The US Air Force should deploy the apex predator of the skies
Story by David Axe • 19h
In a surprise move this spring, the US Air Force backed away from its plan to build the world’s first sixth-generation fighter under the Next Generation Air Dominance program. Service leaders cited the shocking high cost – several hundred million dollars apiece – of the high-tech jets.
NGAD isn’t necessarily dead. USAF leaders may yet find a way to save NGAD – perhaps by simplifying its complex and pricey engine.
But if the Air Force can’t find a way to pay for the new jet while also paying for all its other priorities – new stealth bombers, more Lockheed Martin F-35 stealth fighters and hundreds of next-generation nuclear ballistic missiles – the answer to its future fighter problem is staring it in the face.
The Air Force is already buying new F-15EX Eagle II fighters from Boeing, albeit in small numbers.
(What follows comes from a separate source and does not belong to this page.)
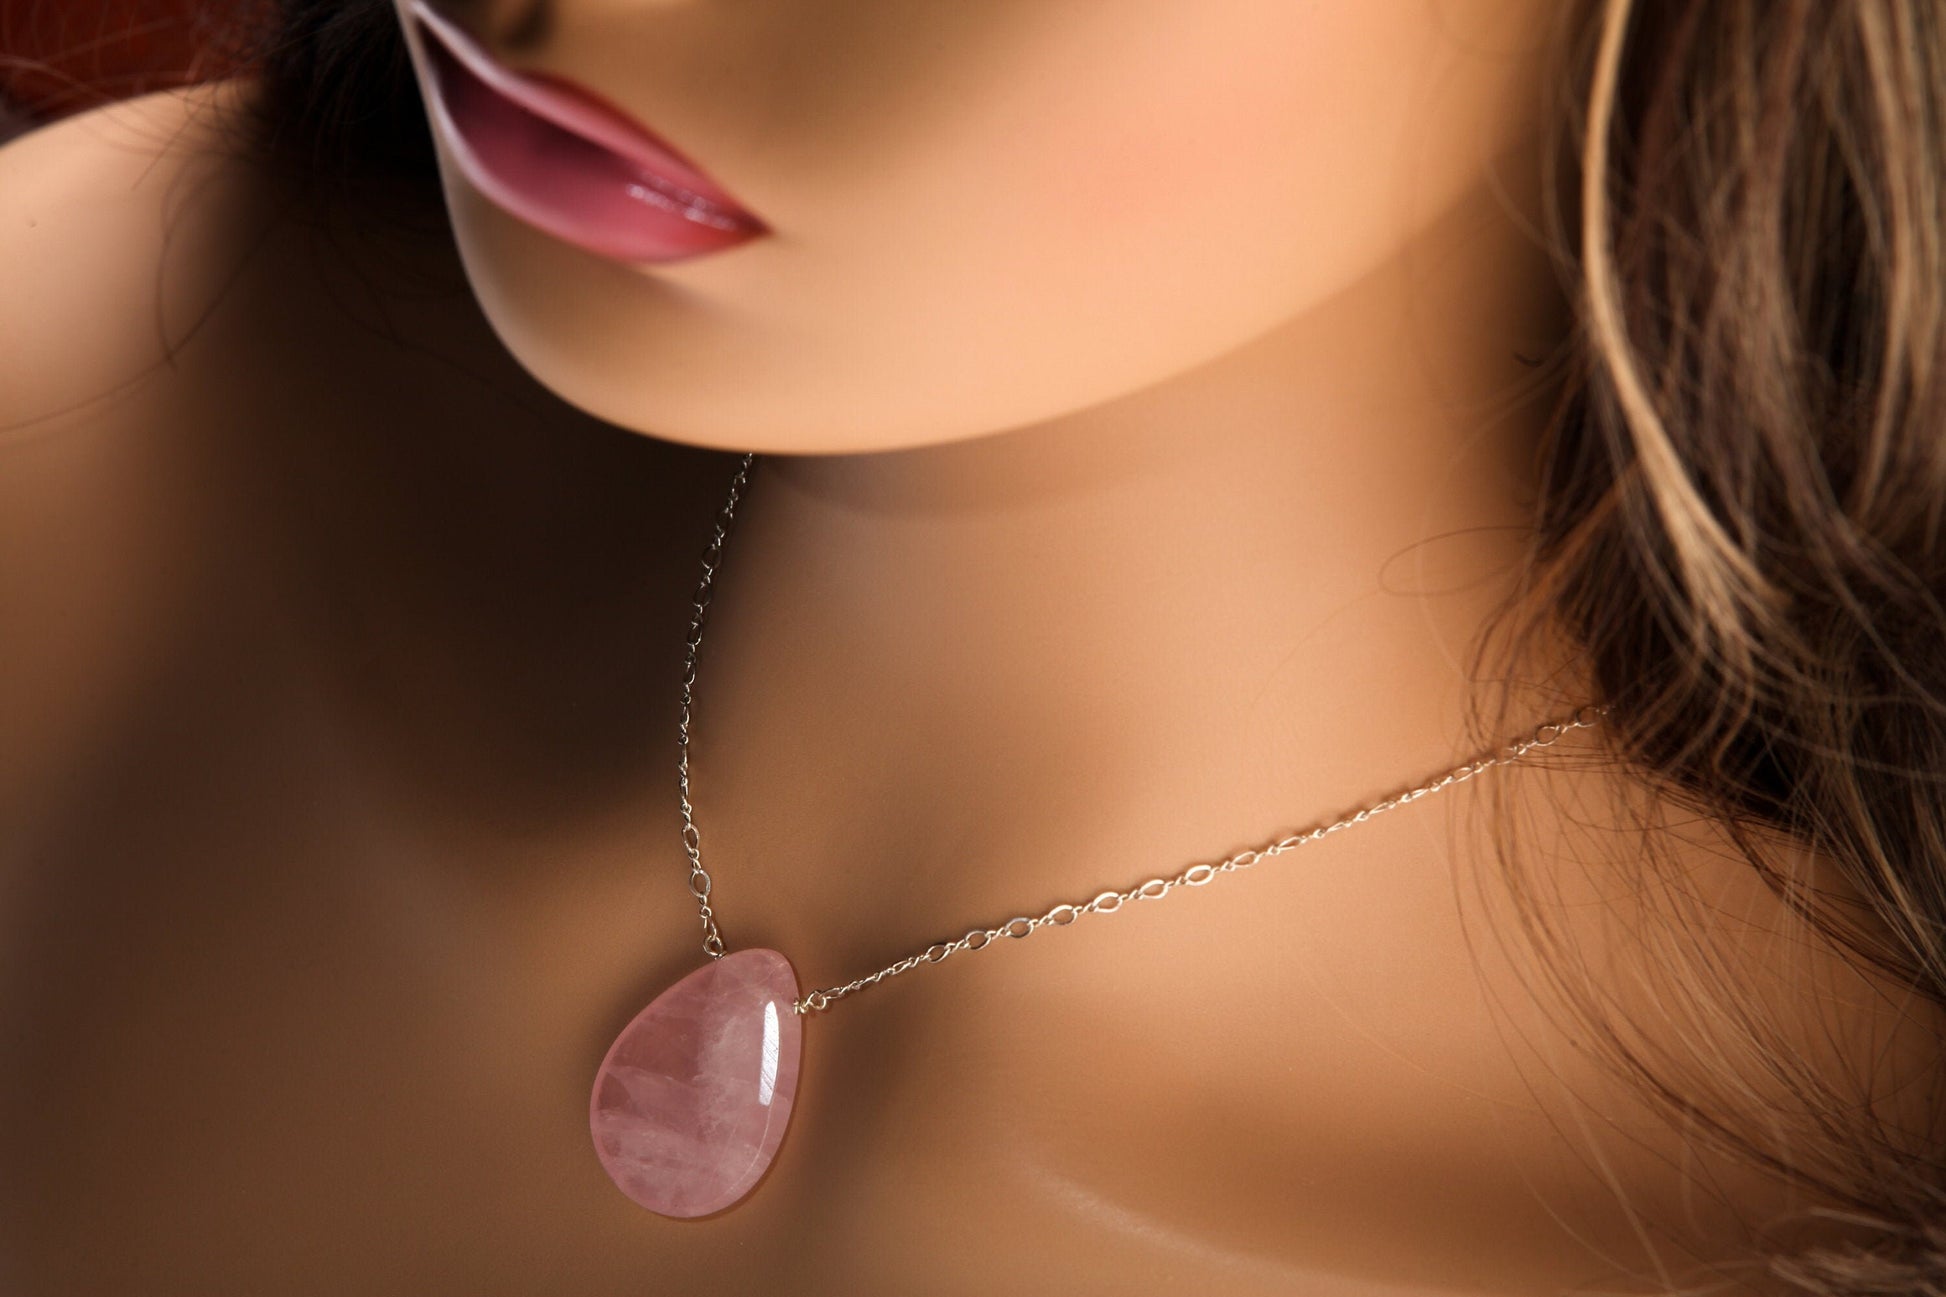 Madagascar Rose Quartz Faceted Pear Drop 18x25mm, Natural Gemstones in 925 Sterling Silver Chain or 14K Gold Filled Chain

The two-person, twin-engine F-15EX is the latest version of the classic F-15 Eagle, which first flew in 1972 and was the apex predator of the skies in its day. It probably has a lot of the same attributes as the NGAD, minus the latter’s radar-evading stealth. On the other hand, the F-15EX is something the NGAD can never be – affordable. A single F-15EX sets back American taxpayers $100 million. That’s perhaps a third of what an NGAD might cost.